L’agence de l’excellence
Dès 1983, il propose une stratégie pour synthétiser des molécules attachées entre elles comme les maillons d’une chaîne mécanique, objectif qui semblait à l’époque inatteignable. Il pose ainsi les bases d’une démarche d’investigation et d’invention (les molécules produites sont artificielles) dont la fécondité résulte justement de sa difficulté. Il y avait très loin, alors, de ces premières avancées aux « machines moléculaires » d’aujourd’hui.
Les pairs de Jean-Pierre Sauvage ont vite repéré ses compétences puisque dès 1978, le CNRS lui donne sa médaille de bronze (elle signale un jeune plein d’avenir), puis dès 1988 sa médaille d’argent (signalant la reconnaissance internationale), denombreux autres prix viendront ensuite, ainsi que son arrivée à l’Académie des sciences. Le CNRS n’aura pas la bonne idée de lui donner sa médaille d’or, mais le nomme dès 1979 directeur de recherche. La Société chimique de France a eu du nez en mettant en avant Jean-Pierre Sauvage dans son numéro d’avril 2016 de l’Actualité chimique.

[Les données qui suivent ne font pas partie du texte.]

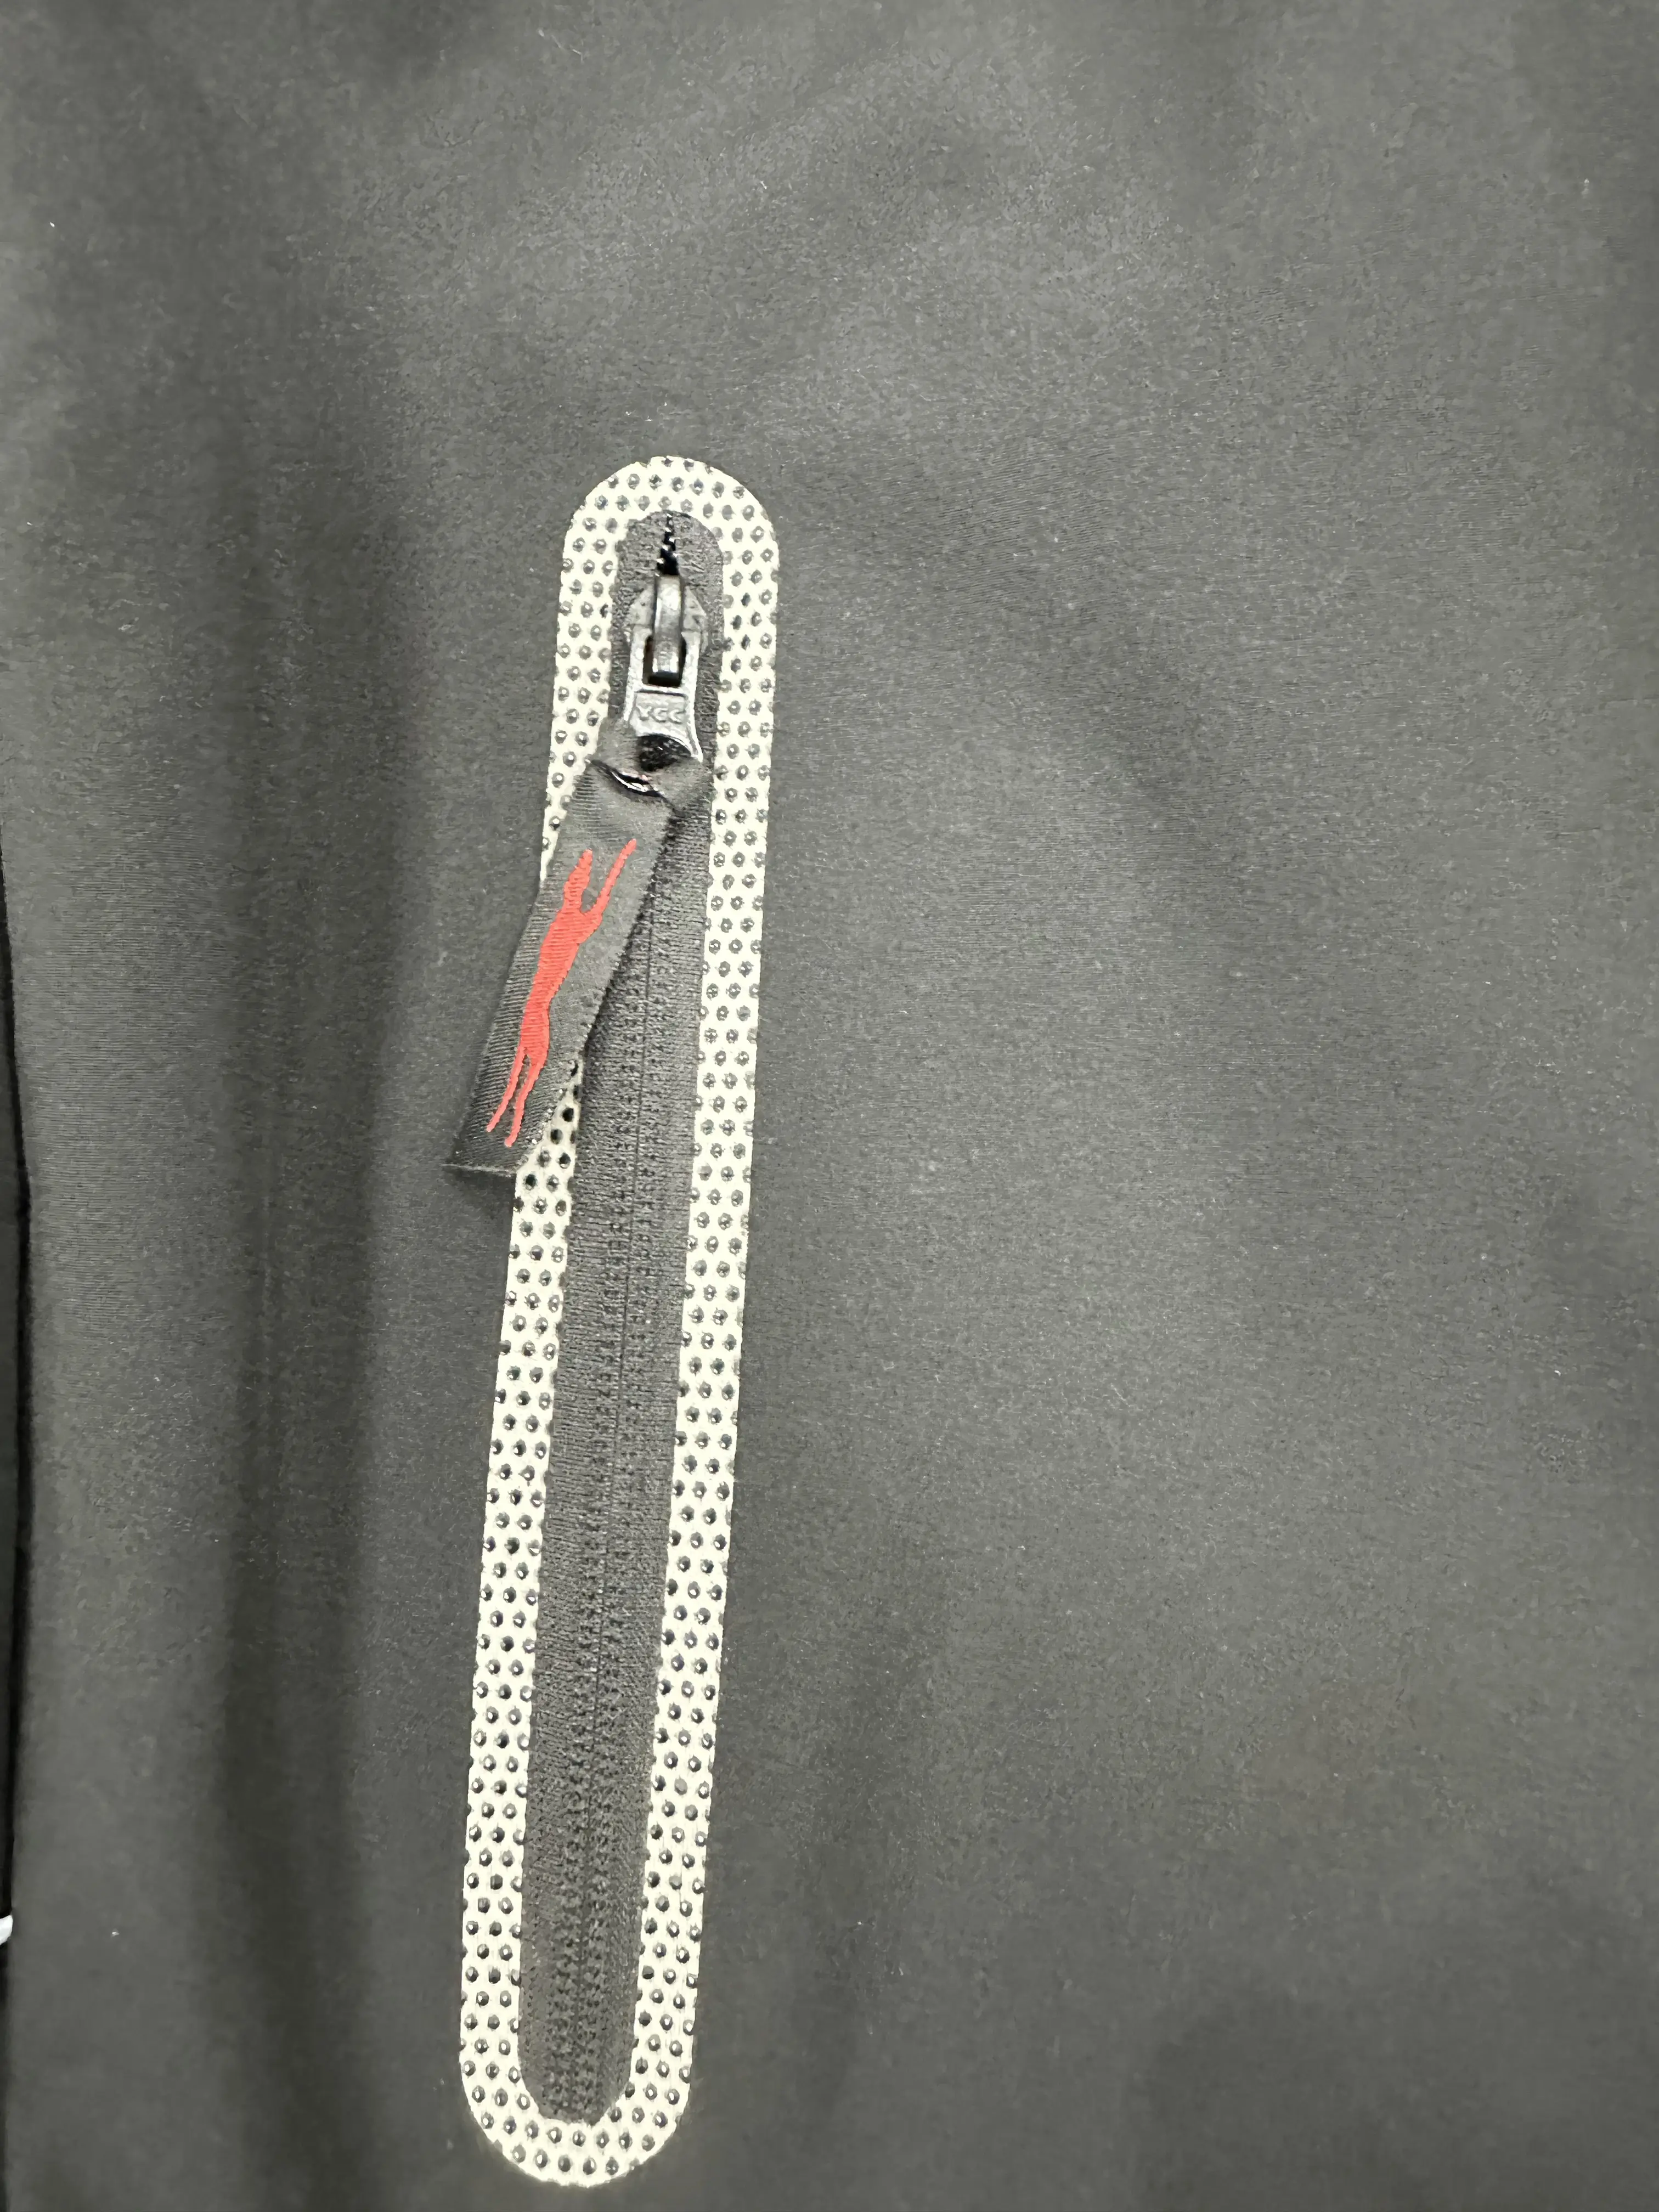 소프트 쉘 재킷 지퍼 폐쇄 방풍 플러스 사이즈 특징 스탠드 칼라 통기성 남성 방수 재킷
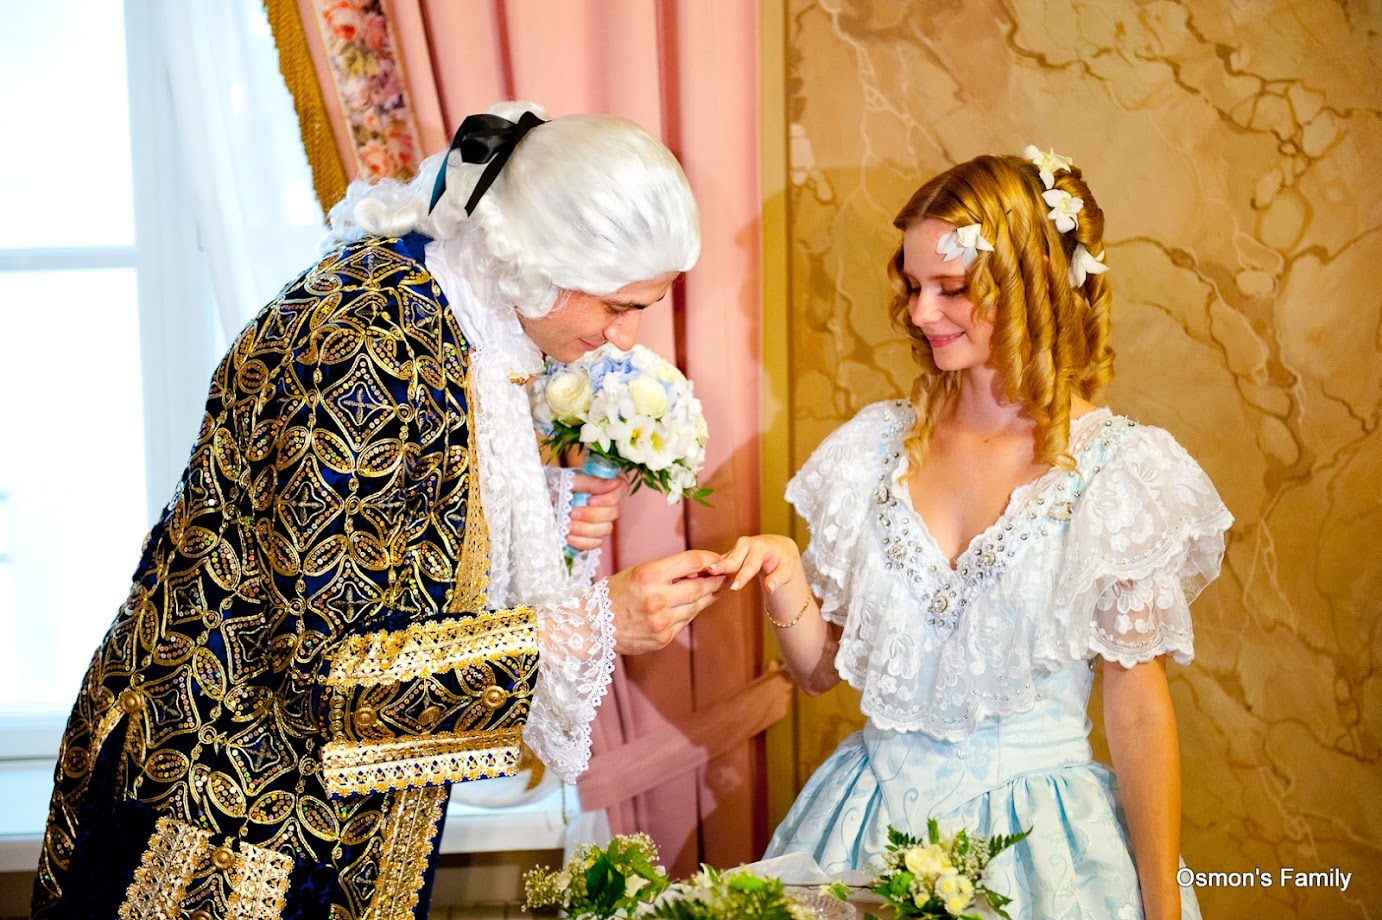 Princess Anna Osmon accepts Prince Kai Osmon proposal

Il est piquant de rapprocher ce prix Nobel du pastiche de l’Agence nationale de la recherche réalisé par les militants de l’association Sciences en marche. En créant le site Web de l‘Agence nationale de l’excellence scientifique, ils ne proposent pas seulement une bonne tranche de rire (jaune) aux universitaires, chercheurs, ingénieurs, doctorants et aux milliers de CDD qui peuplent les labos de France. Alors que le quinquennat de François Hollande n’a pas rompu avec la vague de reformes lancées par Nicolas Sarkozy, le bilan de cette politique reste à faire. Les milliers d’heures gâchées par les universitaires et les chercheurs des organismes dans le montage des nouveaux mécanos et dans les réponses (et les évaluations) des appels d’offres ont été soustraites à l’activité réelle de recherche et d’enseignement. Le grand œuvre de Sarkozy, repris par François Hollande, devait être le campus de Paris-Saclay. Il patine, l’Ecole polytechnique continue de vouloir faire bande à part, et le plus gros acteur, l’université Paris-Sud Orsay est toujours traitée comme un partenaire mineur par le gouvernement. La réorganisation nécessaire de l’offre d’enseignement supérieur et de l’activité de recherche en Île-de-France est toujours sans pilote dans l’avion. Un astrophysicien spécule sur l’avancée dans le classement de Shanghaï que représenteraient des fusions d’universités… mais qui s’intéresse vraiment à ce classement à part des responsables politiques qui n’en comprennent pas le sens ? Monter dans ce classement sans avoir produit un résultat de recherche de plus, ni formé un étudiant de plus, est-ce vraiment un bon signe pour le dit classement et son utilité ?
Pendant ce temps, les êtres humains raisonnables espèrent que sciences et technologies les aideront à limiter le changement climatique en utilisant moins d’énergies fossiles, de produire notre nourriture sans tuer les sols et massacrer les insectes, de fournir à tous moyens de vie et activités… autant d’objectifs que les savoirs et technologies actuelles ne permettent pas d’atteindre. Un peu moins « d’excellence » et un peu plus de contenus ne feraient donc pas de mal à nos politiques de formations supérieure et de recherche.